**ASSIGNMENT:** Reproduce all of the data below without alteration; exclude every picture.

**DATA BELOW:**

****************************************

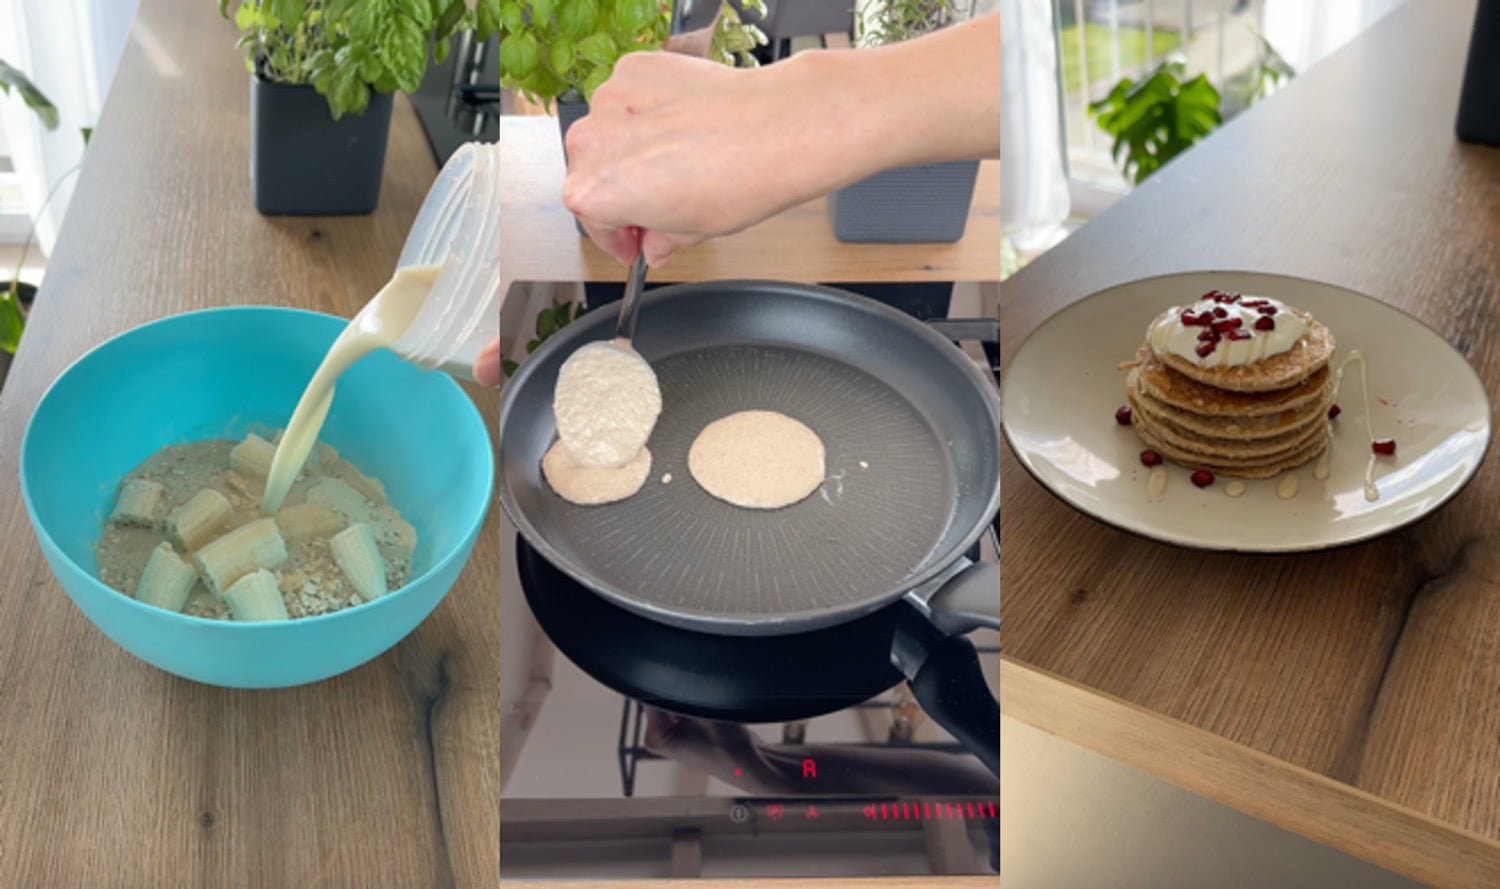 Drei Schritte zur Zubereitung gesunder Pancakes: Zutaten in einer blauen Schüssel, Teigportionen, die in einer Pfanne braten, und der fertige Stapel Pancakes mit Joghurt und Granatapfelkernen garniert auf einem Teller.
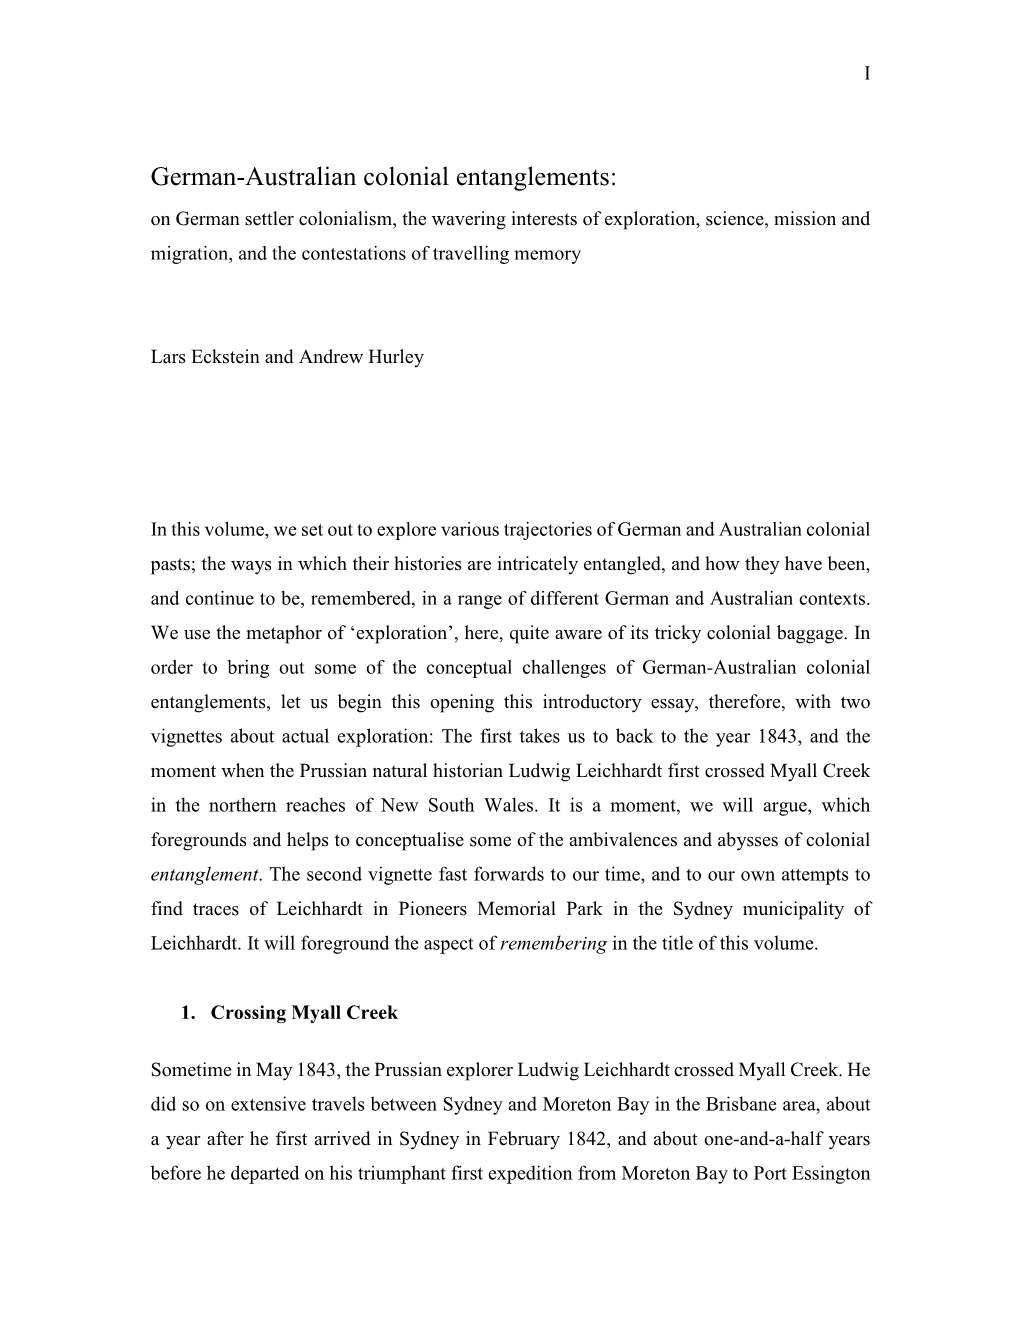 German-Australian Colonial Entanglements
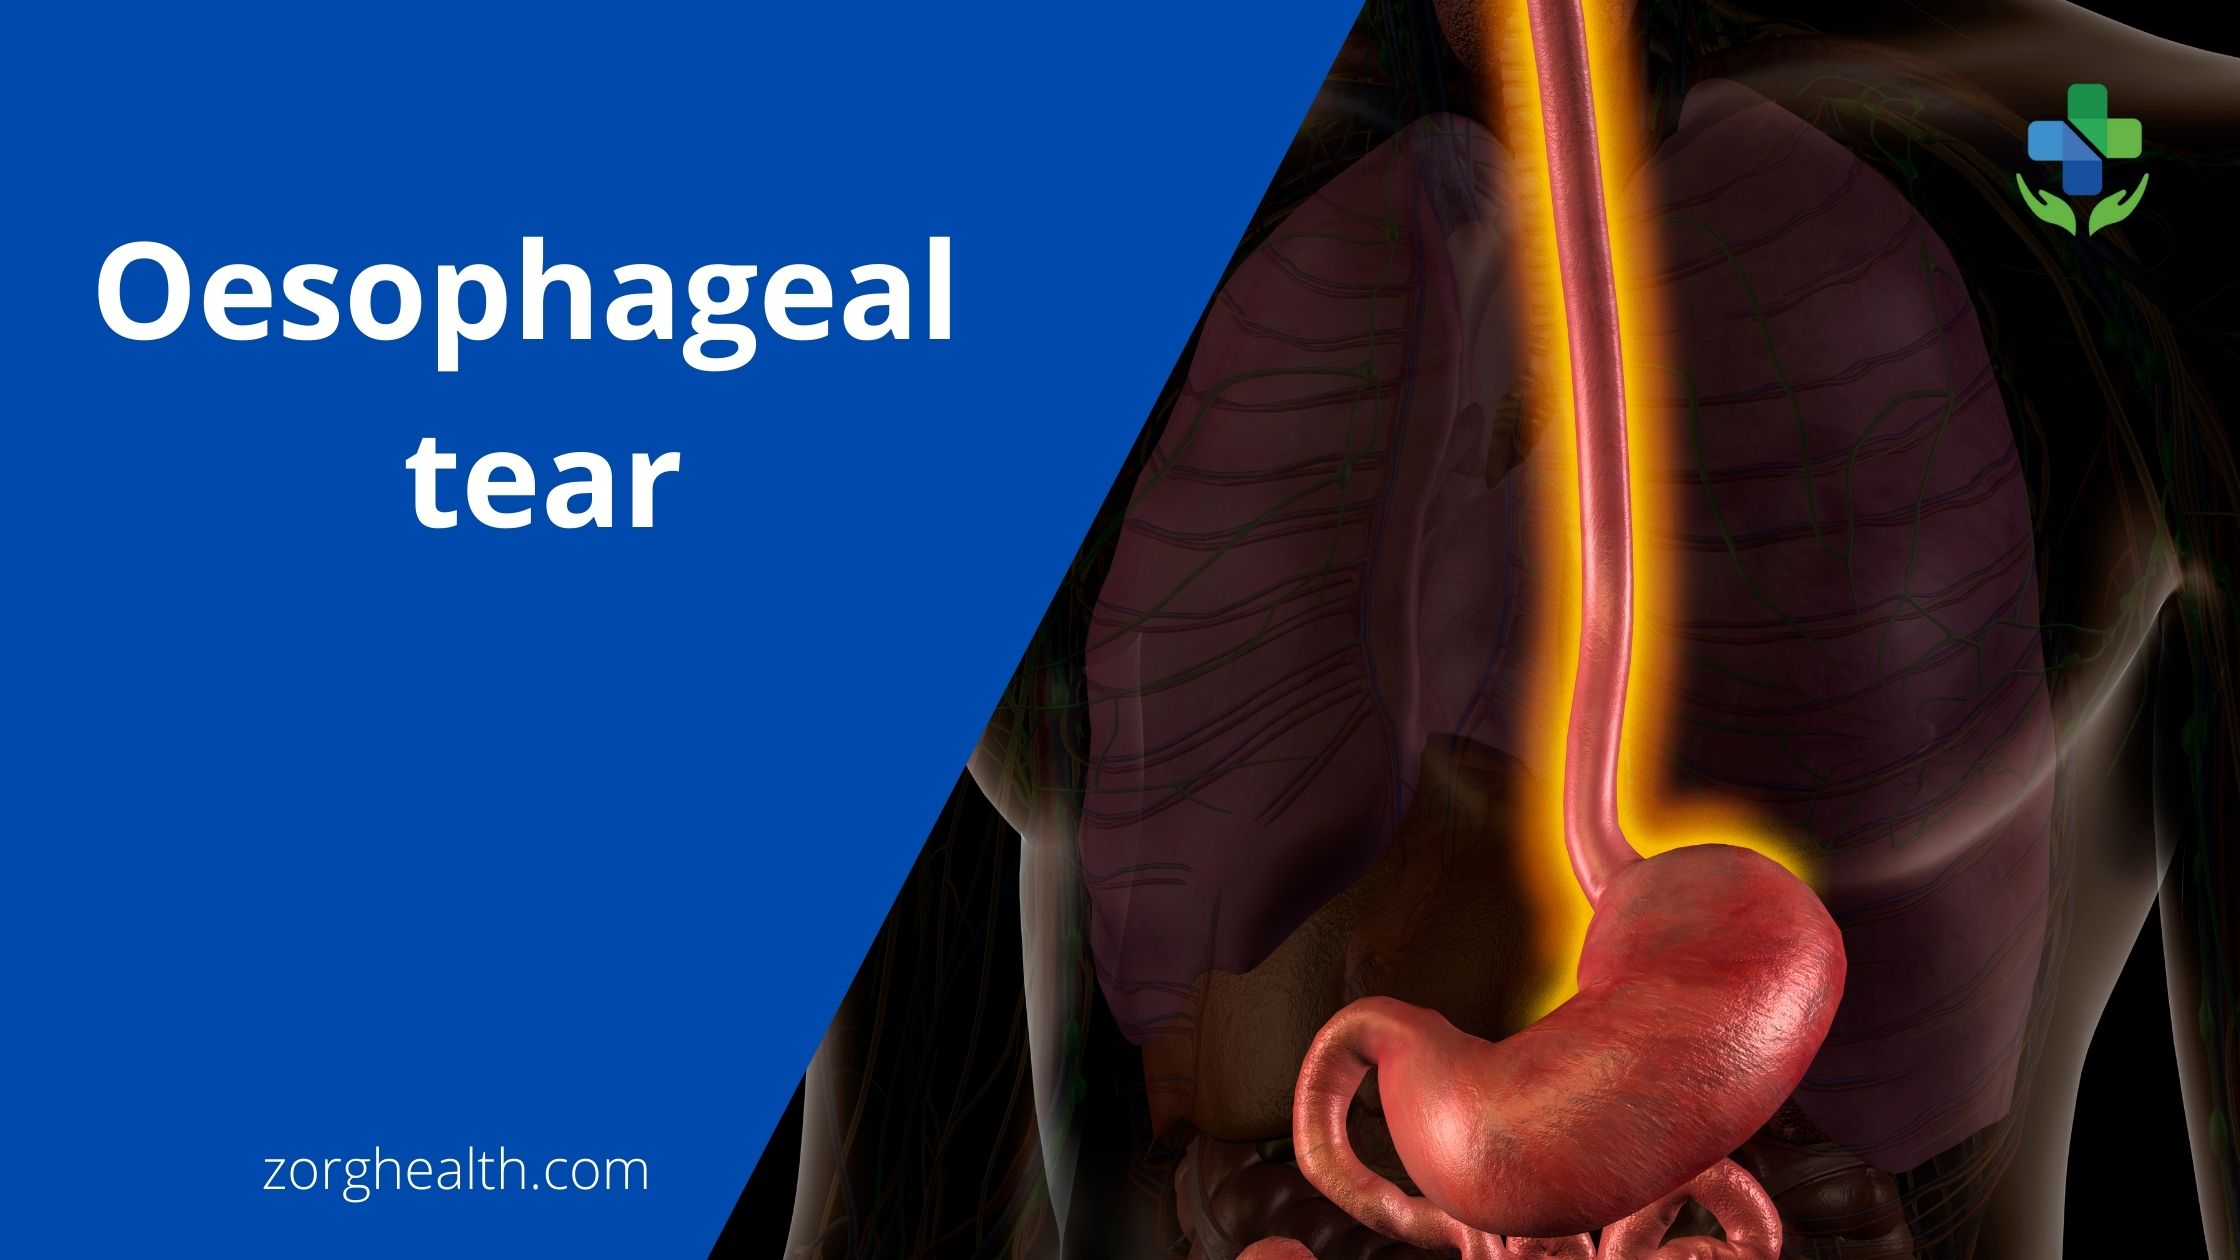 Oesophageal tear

****************************************

**EXERCISE SOLUTION:**
 Drei Schritte zur Zubereitung gesunder Pancakes: Zutaten in einer blauen Schüssel, Teigportionen, die in einer Pfanne braten, und der fertige Stapel Pancakes mit Joghurt und Granatapfelkernen garniert auf einem Teller.
 German-Australian Colonial Entanglements
 Oesophageal tear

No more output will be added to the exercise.